The ADRVecTask class implements Automatic Domain Randomization by extending VecTaskDextreme with boundary worker management, ADR range updates, per-environment tensor sampling, and environment recycling. The adr_update() method is the core algorithm that adjusts randomization ranges based on boundary worker performance.

Description

ADRVecTask manages the full ADR lifecycle:

Initialization: Sets up worker type tensors, ADR parameter dictionaries with initial ranges, boundary evaluation queues (deques with max length), and ADR mode assignments.
Range updates (adr_update()): Implements Algorithm 1 from the OpenAI ADR paper -- evaluates boundary worker performance and expands/contracts ranges.
Parameter modification (modify_adr_param()): Applies delta adjustments (additive or multiplicative) to range endpoints with limit clamping.
Tensor sampling (sample_adr_tensor()): Generates per-environment ADR parameter values, assigning boundary values to boundary workers and sampling from the current range for rollout workers.
Environment recycling (recycle_envs()): Reassigns completed environments to new worker types and ADR mode assignments.

Usage

ADRVecTask is used as a base class for ADR-enabled task implementations:

from isaacgymenvs.tasks.dextreme.adr_vec_task import ADRVecTask

class AllegroHandDextreme(ADRVecTask):
    def __init__(self, cfg, rl_device, sim_device, graphics_device_id,
                 headless, virtual_screen_capture, force_render):
        # ... setup ...
        super().__init__(config=self.cfg, rl_device=rl_device,
                        sim_device=sim_device, ...)

Code Reference

Source Location

File: isaacgymenvs/tasks/dextreme/adr_vec_task.py (lines 489--918)

Signatures

class RolloutWorkerModes:
    ADR_ROLLOUT = 0   # Standard rollout with current ADR params
    ADR_BOUNDARY = 1  # Evaluate performance at ADR range boundaries
    TEST_ENV = 2      # Evaluate with default DR params (unused currently)


class ADRVecTask(VecTaskDextreme):

    def __init__(self, config, rl_device, sim_device,
                 graphics_device_id, headless, use_dict_obs=False):
        """Initialize ADR state: worker types, parameter dicts, queues."""

    def adr_update(self, rand_envs, adr_objective):
        """Perform ADR update step (Algorithm 1 from OpenAI ADR paper).

        Args:
            rand_envs: list of env IDs being reset/randomized.
            adr_objective: per-env performance metric (consecutive successes).
        """

    def modify_adr_param(self, param, direction, adr_param_dict,
                          param_limit=None):
        """Modify an ADR parameter endpoint.

        Args:
            param: current value of the endpoint.
            direction: 'up' to increase, 'down' to decrease.
            adr_param_dict: ADR param config with 'delta' and 'delta_style'.
            param_limit: hard limit for the parameter.
        Returns:
            (new_value, changed): tuple of new value and whether it changed.
        """

    def sample_adr_tensor(self, param_name, env_ids=None):
        """Sample values for an ADR tensor parameter.

        Boundary workers get boundary values; rollout workers sample
        from current range.

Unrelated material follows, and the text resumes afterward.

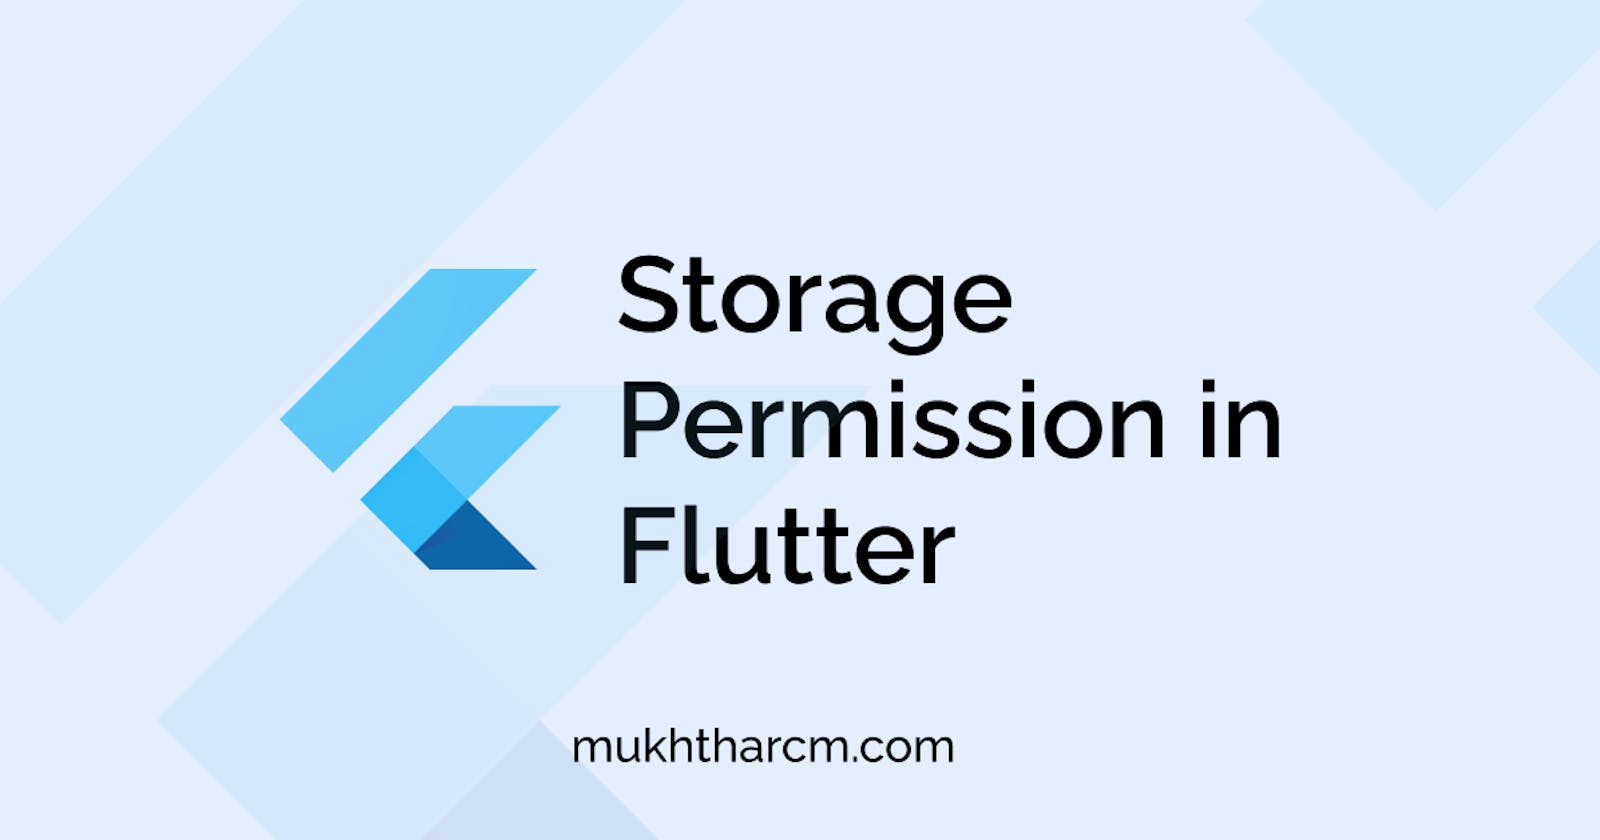 Using Storage Permission in Flutter

Results stored in self.adr_tensor_values.

        Args:
            param_name: name of the ADR parameter.
            env_ids: specific env IDs to sample (default: all).
        Returns:
            Tensor of sampled values for the given env_ids.
        """

    def get_adr_tensor(self, param_name, env_ids=None):
        """Retrieve current ADR tensor values for a parameter."""

    def recycle_envs(self, recycle_envs):
        """Reassign worker types and ADR modes for recycled environments.

        Args:
            recycle_envs: env IDs to recycle.
        """

    def get_dr_params_by_env_id(self, env_id, default_dr_params,
                                 current_adr_params):
        """Get per-environment DR dictionary.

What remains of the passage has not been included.